ASSIGNED TASK -> Given the entries below, would you transcribe exactly the lines starting at the one with "Paparazzi Fashion Fix" and ending at the one with "closeup of a", both kept, pictures omitted, nothing extra?

DATA PROVIDED ->
⁂

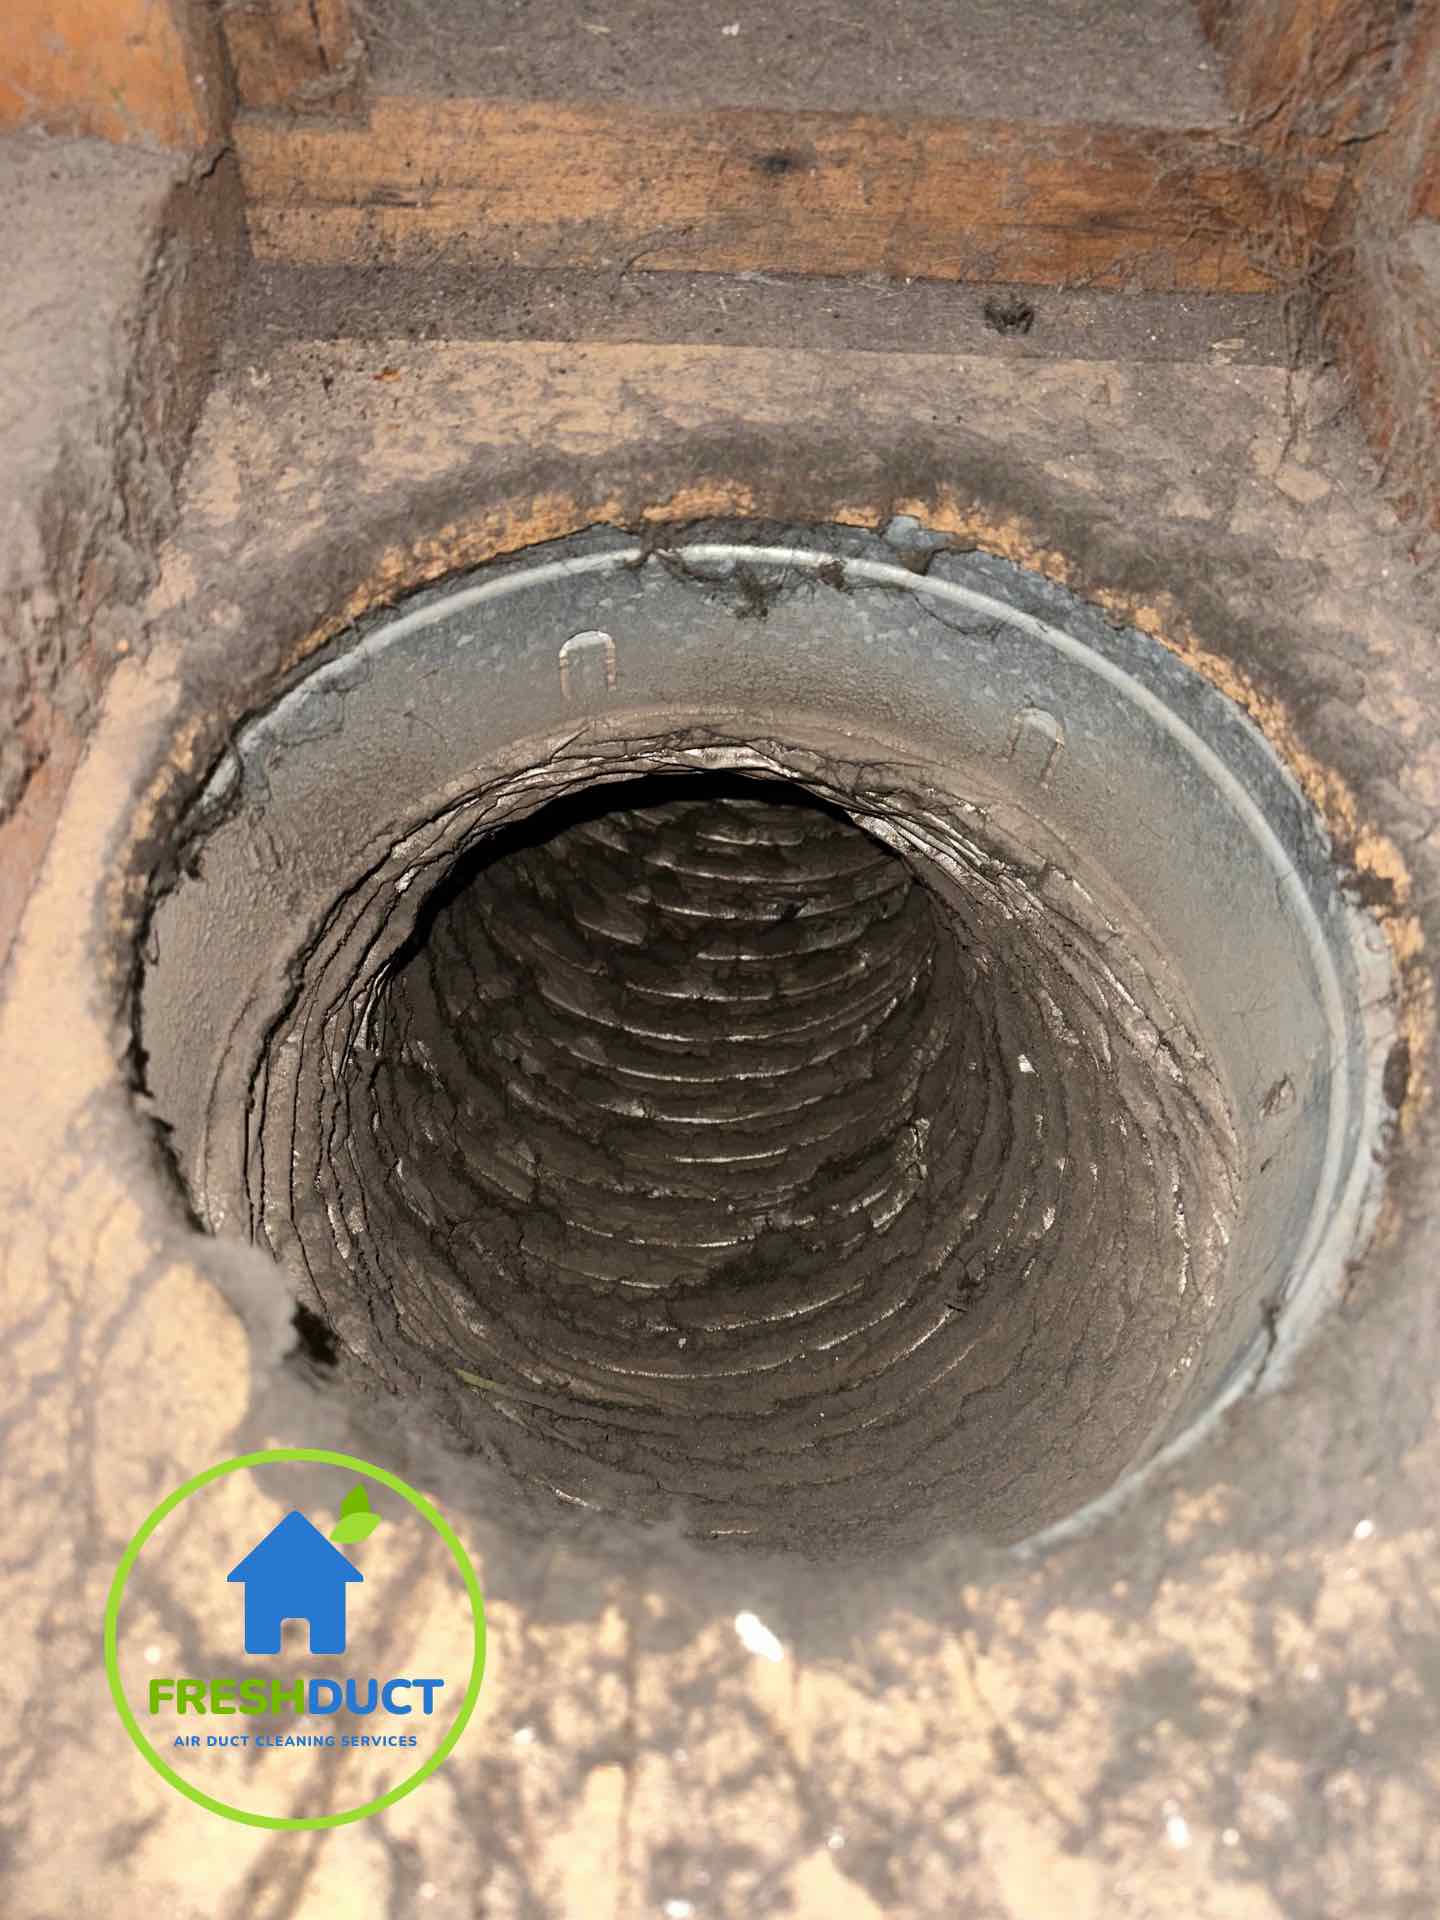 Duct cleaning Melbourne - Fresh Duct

⁂

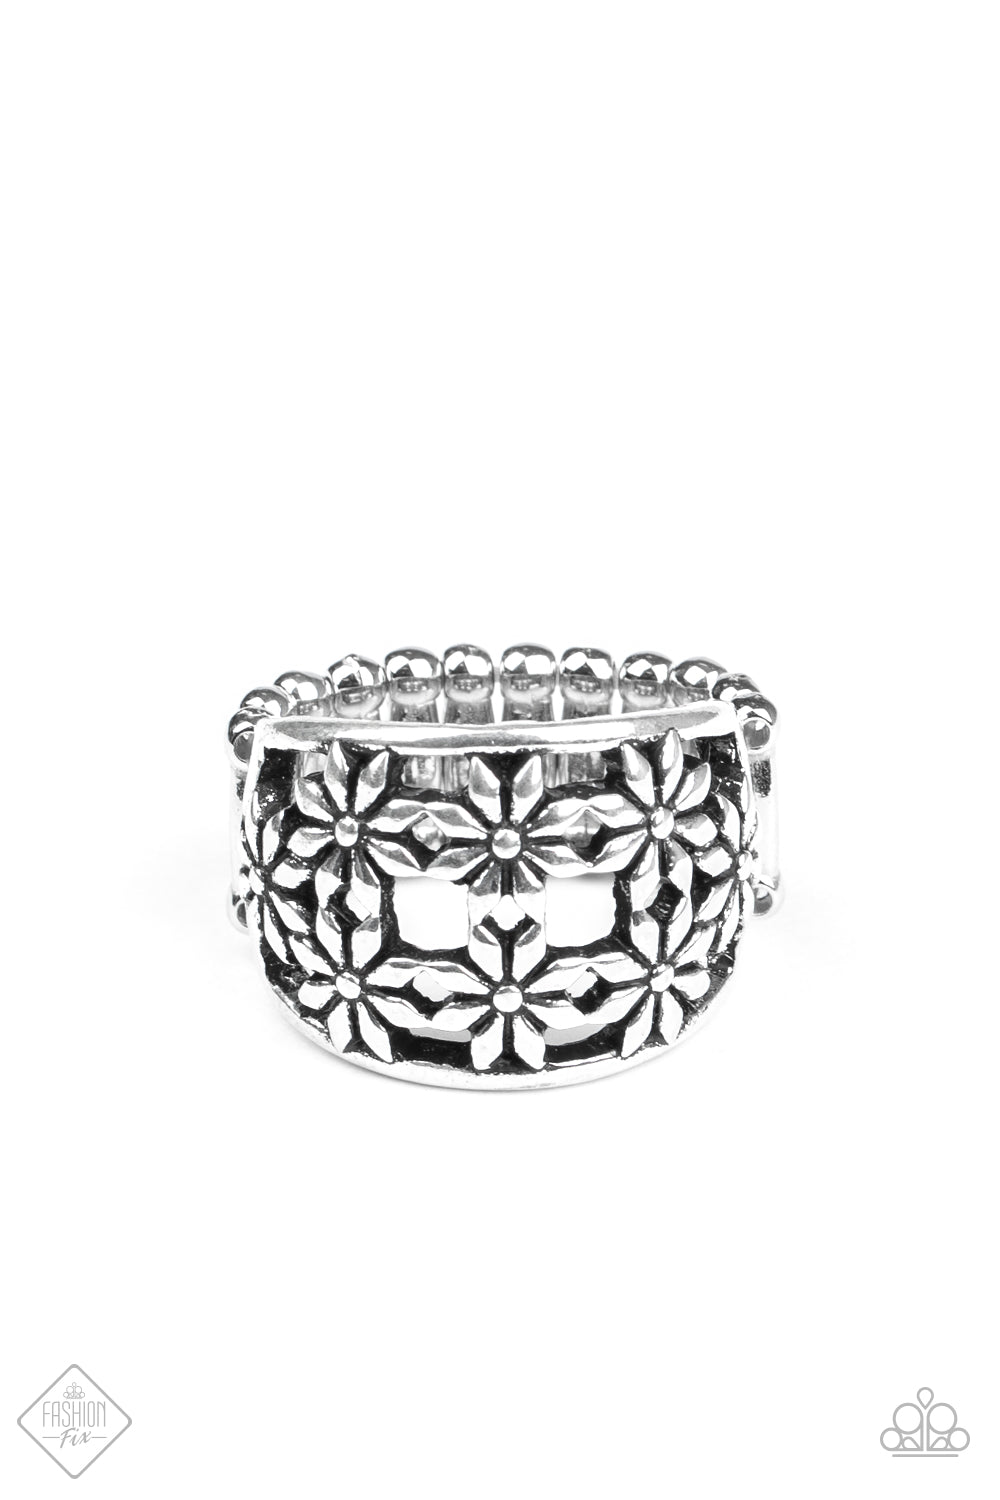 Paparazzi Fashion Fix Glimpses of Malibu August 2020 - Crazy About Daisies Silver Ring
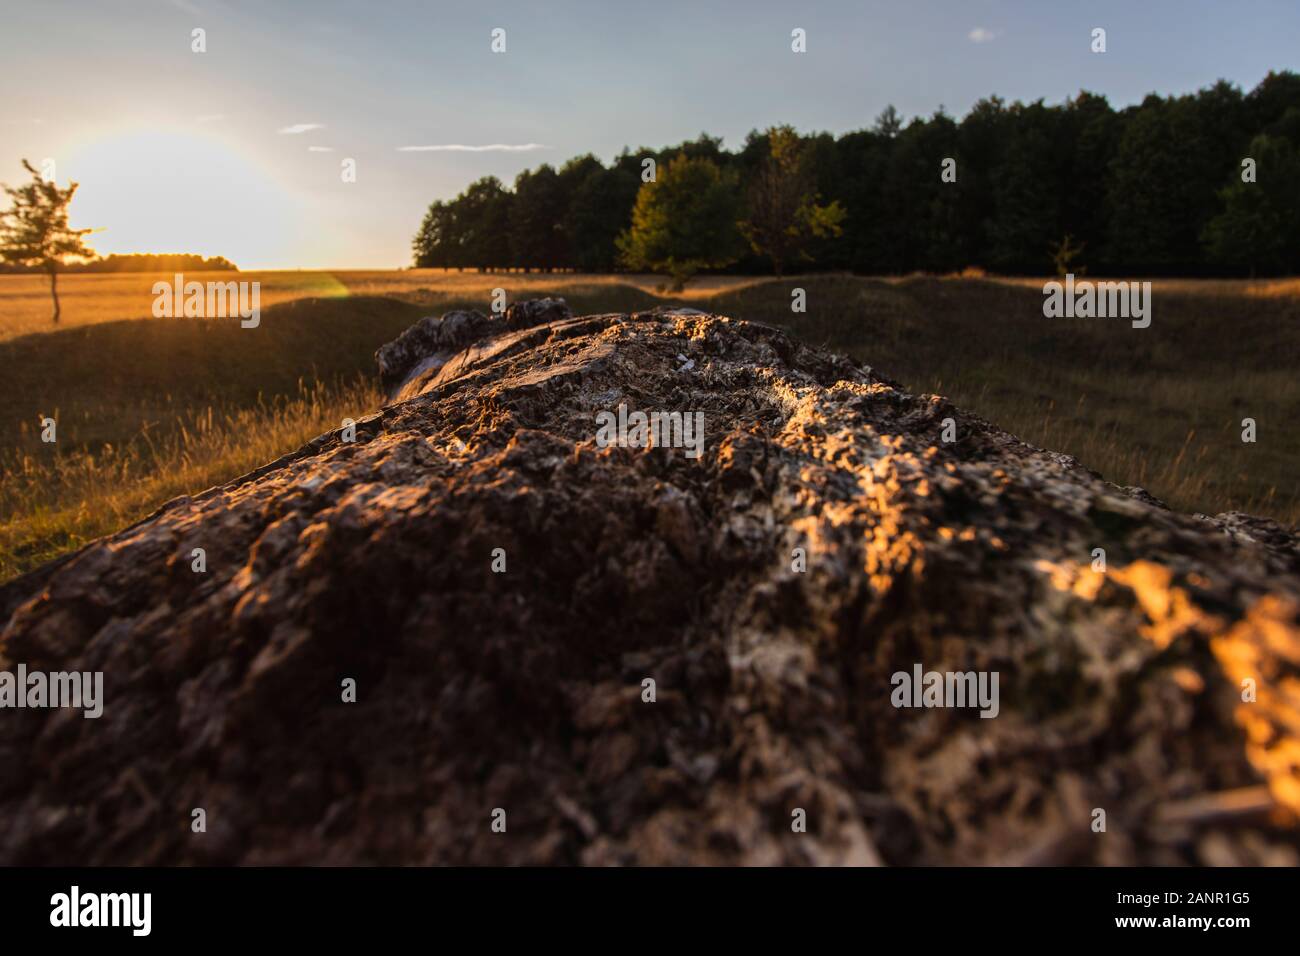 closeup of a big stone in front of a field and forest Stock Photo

⁂

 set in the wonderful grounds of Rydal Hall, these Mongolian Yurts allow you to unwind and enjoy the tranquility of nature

⁂

REPLY ->
 Paparazzi Fashion Fix Glimpses of Malibu August 2020 - Crazy About Daisies Silver Ring
 closeup of a big stone in front of a field and forest Stock Photo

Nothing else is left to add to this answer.